À la fin de l’année 2022, Jeanne Pollès, alors présidente de Philip Morris France, qualifiait les hausses de prix sur le tabac d’« immense cadeau au profit des revendeurs à la sauvette de tabac, qui pour la plupart vendent également des stupéfiants et qui alimentent les réseaux mafieux internationaux ».
Les politiques tarifaires des fabricants montrent aujourd’hui que ceux-ci n’accordent que peu de crédit à leur propre argumentaire, qui ne sert en réalité qu’à dissuader les pouvoirs publics de mettre en œuvre des politiques de santé publique. Ces arguments, largement diffusés par l’industrie du tabac, infusent pourtant l’ensemble du débat public, et participent à expliquer l’absence de trajectoire fiscale dans le Programme national de lutte contre le tabac (PNLT).
•• À ce titre, c’est précisément l’absence de trajectoire fiscale sur les produits du tabac dans le PNLT qui laisse aujourd’hui les mains libres à l’industrie du tabac pour augmenter ses prix et ses marges. Cette augmentation additionnelle bat par ailleurs en brèche le discours de l’industrie du tabac, qui communique bruyamment sur sa volonté d’organiser elle-même la fin du tabac traditionnel, pour aller vers un « monde sans fumée ». Dans la pratique, les fabricants font tout pour renforcer la profitabilité de la vente de cigarettes et de tabac à rouler, au détriment de la santé publique.

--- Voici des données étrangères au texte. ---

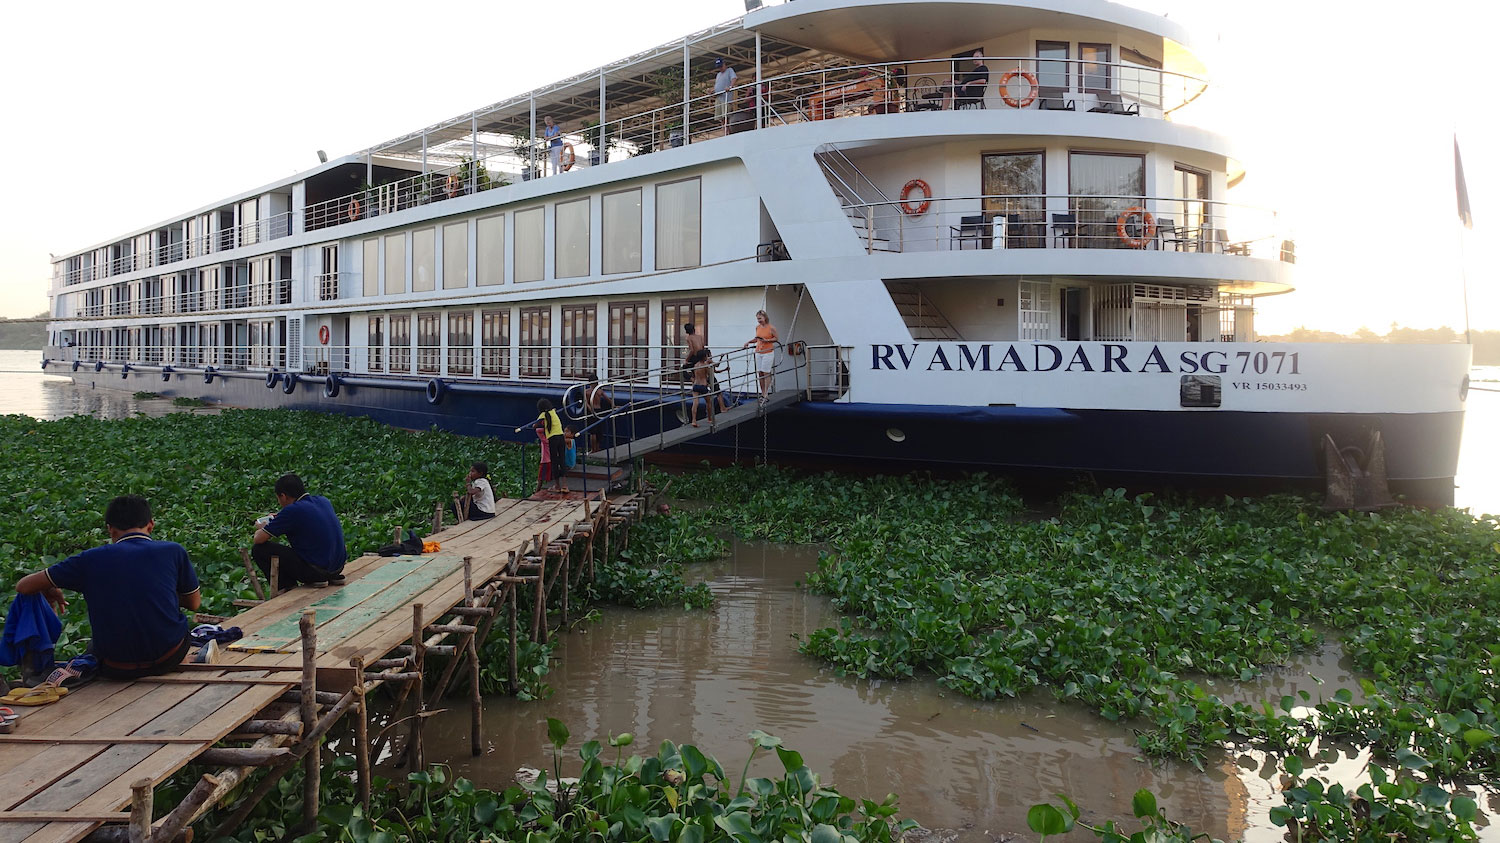 AmaWaterways Mekong Cruise

L’augmentation des marges bénéficiaires par les fabricants est par ailleurs problématique à deux niveaux. D’une part, elle implique un renforcement financier d’une industrie dont la puissance et l’influence constituent en soi une menace directe pour la santé publique. D’autre part, elle permettra aux fabricants, dans le cas où une politique fiscale était mise en œuvre, d’en atténuer l’efficacité en rognant sur les marges.
Pour le Professeur Yves Martinet, président du Comité national contre le Tabagisme, « ces augmentations de prix décidées par les fabricants devraient convaincre les pouvoirs publics de prendre le discours de l’industrie pour ce qu’il est, c’est-à-dire une stratégie de désinformation et de parasitage des politiques de santé publique ».